Lessons that Cannot be Paid for

Aspiration is a powerful drug. The dictionary describes it as a strong desire to achieve something high or great.


One of the greatest motivators for aspiration is comparison. For we only know our positioning against something great if we compare to that which we aspire.

Aspiration is in most peoples mind a positive emotion. Yet it can have a dark side.
I hope to be able to clarify this darkside to you.

We generally buy love. Most of the world is in hot pursuit to purchase love, affection, and care. I’ve been a truck driver for years. Going side by side with 1000’s of other drivers in the slow exchange of a mile of pay for a minute of life. Year after year watching the minutes tick away for little other reason than the pursuit of love.
We want to be seen as desirable by the object of our desire. Comically rarely do two objects have mutual desire for each other.
Painfully we strive for a hierarchal ascent from bottom to the top, in many regards a futile and in the end meaningless attempt.

If only we can exercise more, get nicer cars, more homes, and more vroom toys.

I would claim that one of the worst things that can happen to us in life. Is if we get everything that we want. For the world to never to say to us, “no”.


The Fourth of July season is right about now. I spent some time in a boat on the local lakes with some of my parents friends. In my day to day life I rarely see so many beautiful people together in the same place. Gathered together only by the desire for the prestige of floating on boats on lakes, to be amongst the cool crowd is an obsessive desire for many. Situations like this bring up insecurity inside of me. Quickly my thoughts can go to why did I not prioritize owning a boat on a lake all my life. Thankfully when I notice feeling like this I can return these feelings to God. Only God sees us for who we really are apart from what we have.

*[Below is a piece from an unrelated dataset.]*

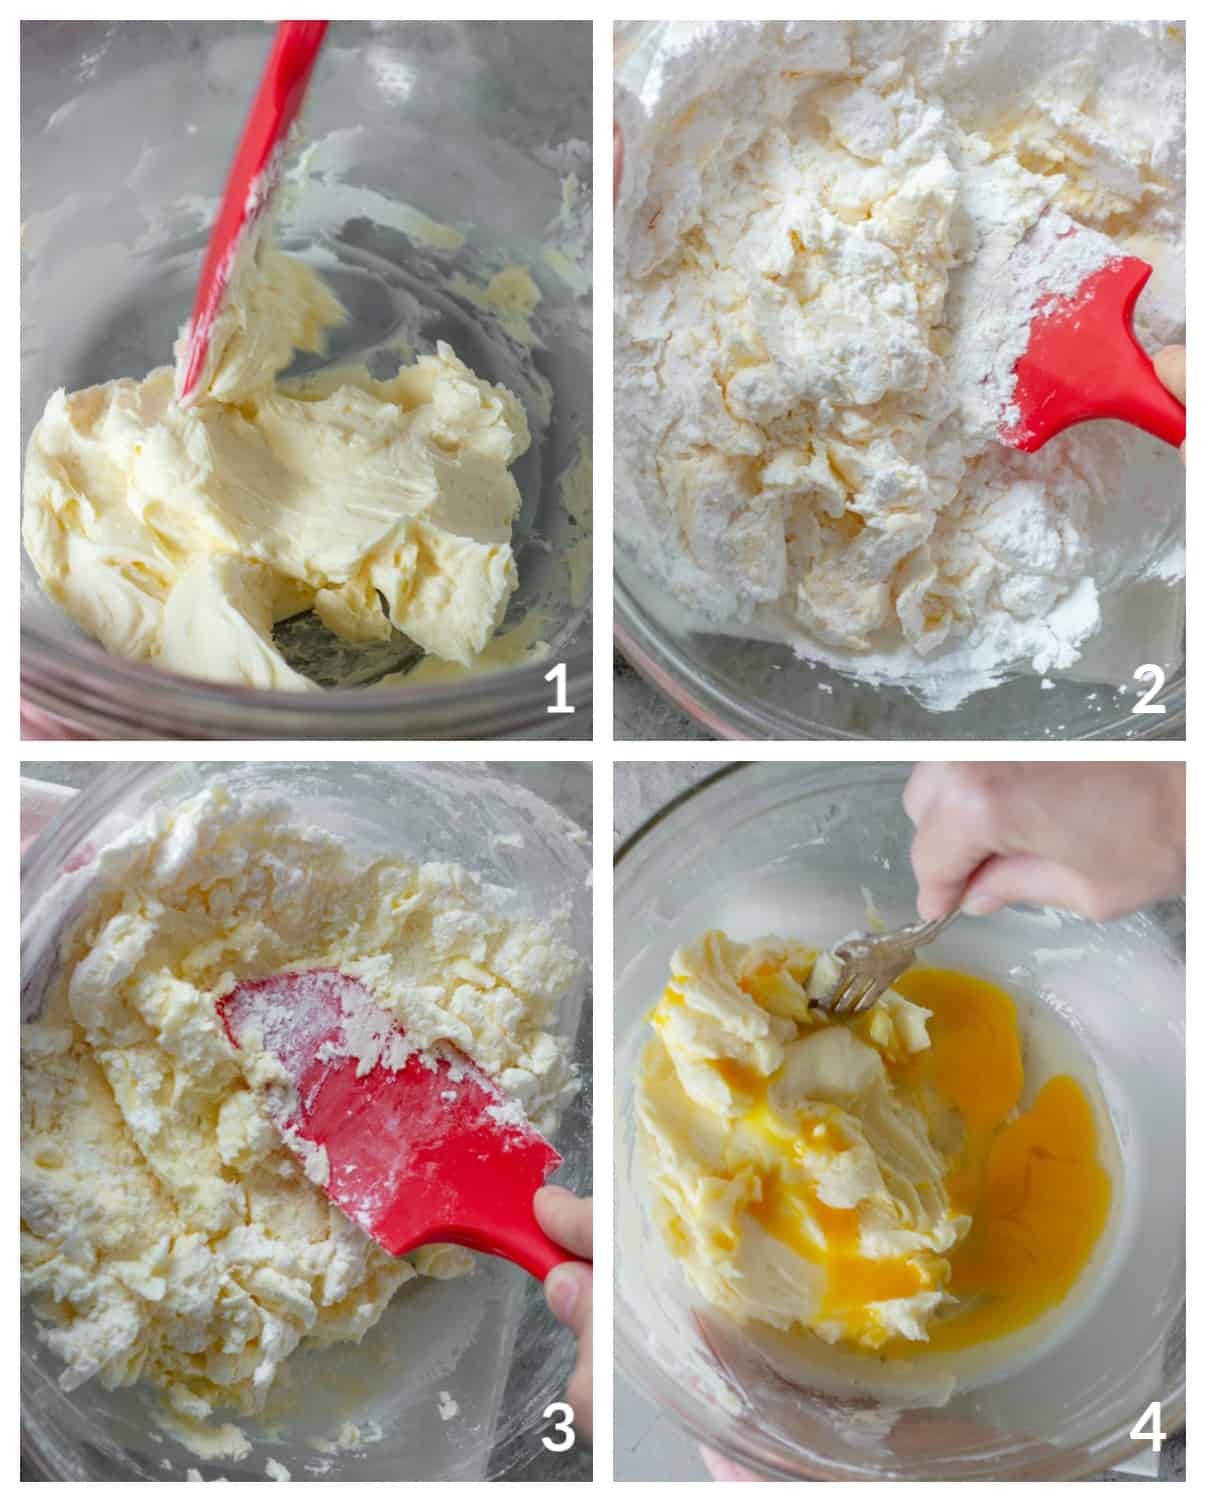 Image collage showing steps for making sweet pie dough in glass bowl with red spatula

He provides for us a perspective that the world cannot.

We can fool the world with things and aspirations, but we cannot fool God with who we are.
God does not underestimate us according to the externals. He will affirm us when our aspirations for him are bigger than our aspirations for the world.


There is nothing wrong with building wealth and social status. What I’m trying to point out, is that God doesn’t care if you are the richest thing in the world yet you have never known done anything in to your life that infers that you know him.

Many of us, me included would prefer if we had more where-with-all than we currently do. Besides all that we are blessed to know God in place of that? Because wealth without
knowledge of God can become a curse. It is easier for the ego to rely upon our control of reality through finances than it is to rely on God who may do things not in our own times.

So what do I mean when there are lessons that money cannot buy? These lessons are found primarily in one way. That is the recognition of a pain difficult to feel in self serving life. It is the pain that is felt by choosing periods of poverty for the sake of serving others.

I’ve been close to a few people who have had less than ideal lives. When taking a far out perspective I see that these people are only a tiny fraction of a percent of those who are struggle and suffer on the Earth. Even with the very best of intentions and resources there is a limitless number of people
who need a lift up, a mentor, or teacher to help them grow and heal. There is a certain education that comes from suffering on the behalf of another. These are the lessons that cannot be bought at a university.

I’m going to open up about myself a bit here. There was a time when I became a womanizer in practice. For many people dating or trying to meet someone comes as a by product of life.
But there is certainly a subset of people in the world who see the act of womanizing as an end goal. There was a time where I thought that this was an appropriate way to live my life. A practice that I aspired to. There was a metric I followed for awhile where I was counting my way up to asking out 30 woman in public.


Plenty said no, but I was often surprised by those who said yes. Now this transpired into other things. Often times one night stands and the, “see you later not planning for anything more”.
As I look back it makes me feel how narrow sighted I was.

It was a few years after that chapter in my life where I had a radical change. I was working to live in a Godly way but underneath it all I had this hidden pride about the notch account I acquired. I knew consciously that this was not a good thing. But it was something that I couldn’t shake.

For some reason God send a young woman into my life who was at the butt end of all of men’s selfish interests (of course woman also have selfish interest). It took a long time to help her clean up the chaos that remained after all the heart break she had experienced in life.

Since then I am a lot more careful with how I speak to and treat woman. It is not so much that I do not know how to speak to have certain outcomes I desire. Nor do I condemn others for behaving in all sorts of crazy ways. It is merely the recognition that sometimes one must treat others better than they know how to treat themselves, even when we have nothing to lose ourselves but our own conscious.